The building was being considered by Historic England for Grade II listing when it was unexpectedly demolished on 8 April 2015 by its owner, Israeli property developer CLTX Limited, to make way for a block of flats above a new pub. The manager was told by the owner on Easter Monday to close the pub for an "inventory", but when she returned two days later she found the building had been demolished. According to Haaretz, CLTX is "a relatively unknown company with only one listed director – Tel Aviv lawyer Ori Calif".

Historic England had surveyed the pub, making records of the layout, tiles and other original details so that full architectural information was available. Listing as a Grade II building was going to be announced a few days after its unexpected destruction.

==Rebuilding==
On 5 May 2015, Westminster City Council issued an "unprecedented" enforcement notice ordering CLTX to "recreate in facsimile the building as it stood immediately prior to its demolition". The notice prevented CLTX from selling the site until the pub had been rebuilt. The London Evening Standard reported that CLTX would have to rebuild the pub "brick by brick".

CLTX was ordered to rebuild the pub within 18 months from the date it was demolished, 8 April 2015. Councillor Jan Prendergast called the demolition "the lawless destruction of Westminster's heritage". Councillor Robert Davis, deputy leader, said "Westminster is home to the West End – not the Wild West".

CLTX appealed against both the refusal of planning permission for its proposed replacement flats (with ground floor bar) and the order to rebuild the pub "brick by brick". A public inquiry held by the Planning Inspectorate sat to consider both appeals in May 2016. It rejected both appeals, but extended the time allowed for rebuilding to 24 months.

In October 2016, it was reported that CLTX had met with Westminster City Council to discuss rebuilding the pub.

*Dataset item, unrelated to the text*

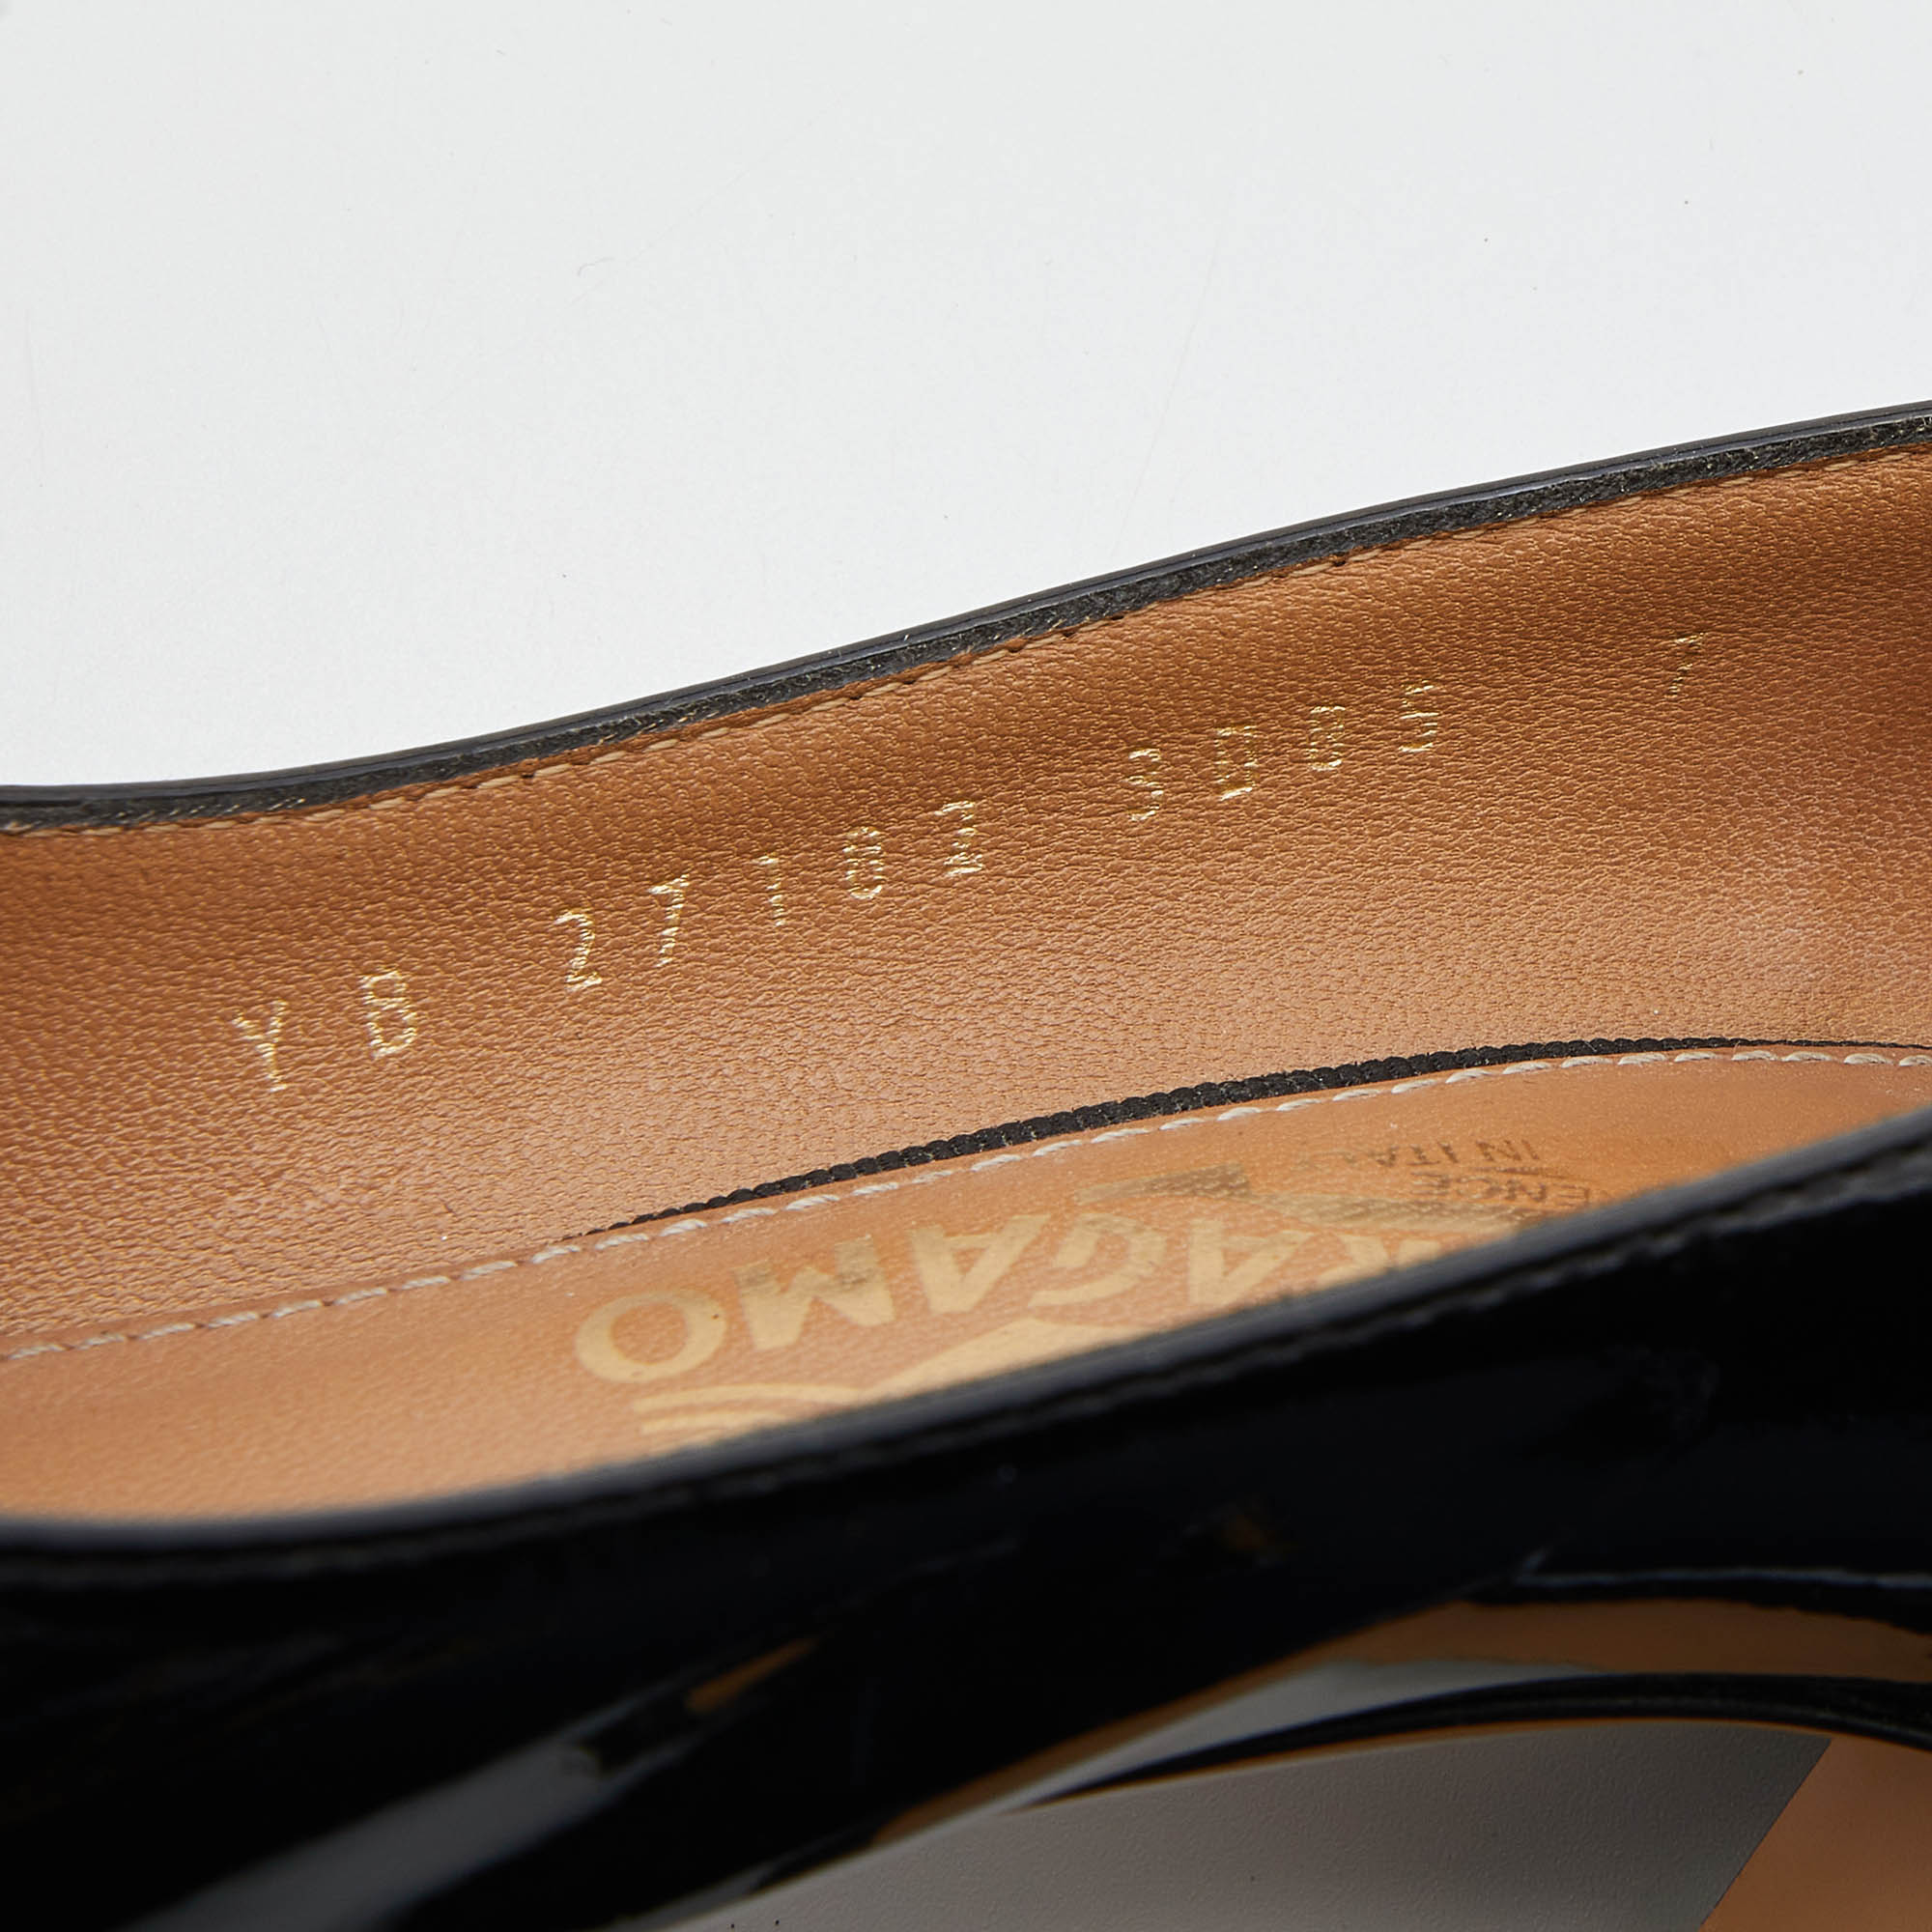 Salvatore Ferragamo Black Patent Leather Block Heel Pumps Size 37.5

In March 2017, surveys of the site were being carried out, and notices on the site announced that the rebuilding process had commenced.

In October 2017, CLTX submitted a further planning application to include three flats within the pub when rebuilt. This was declined, as it was considered to go against the decision of the planning inquiry. It was also noted that CLTX had restructured and no longer had any UK-based directors.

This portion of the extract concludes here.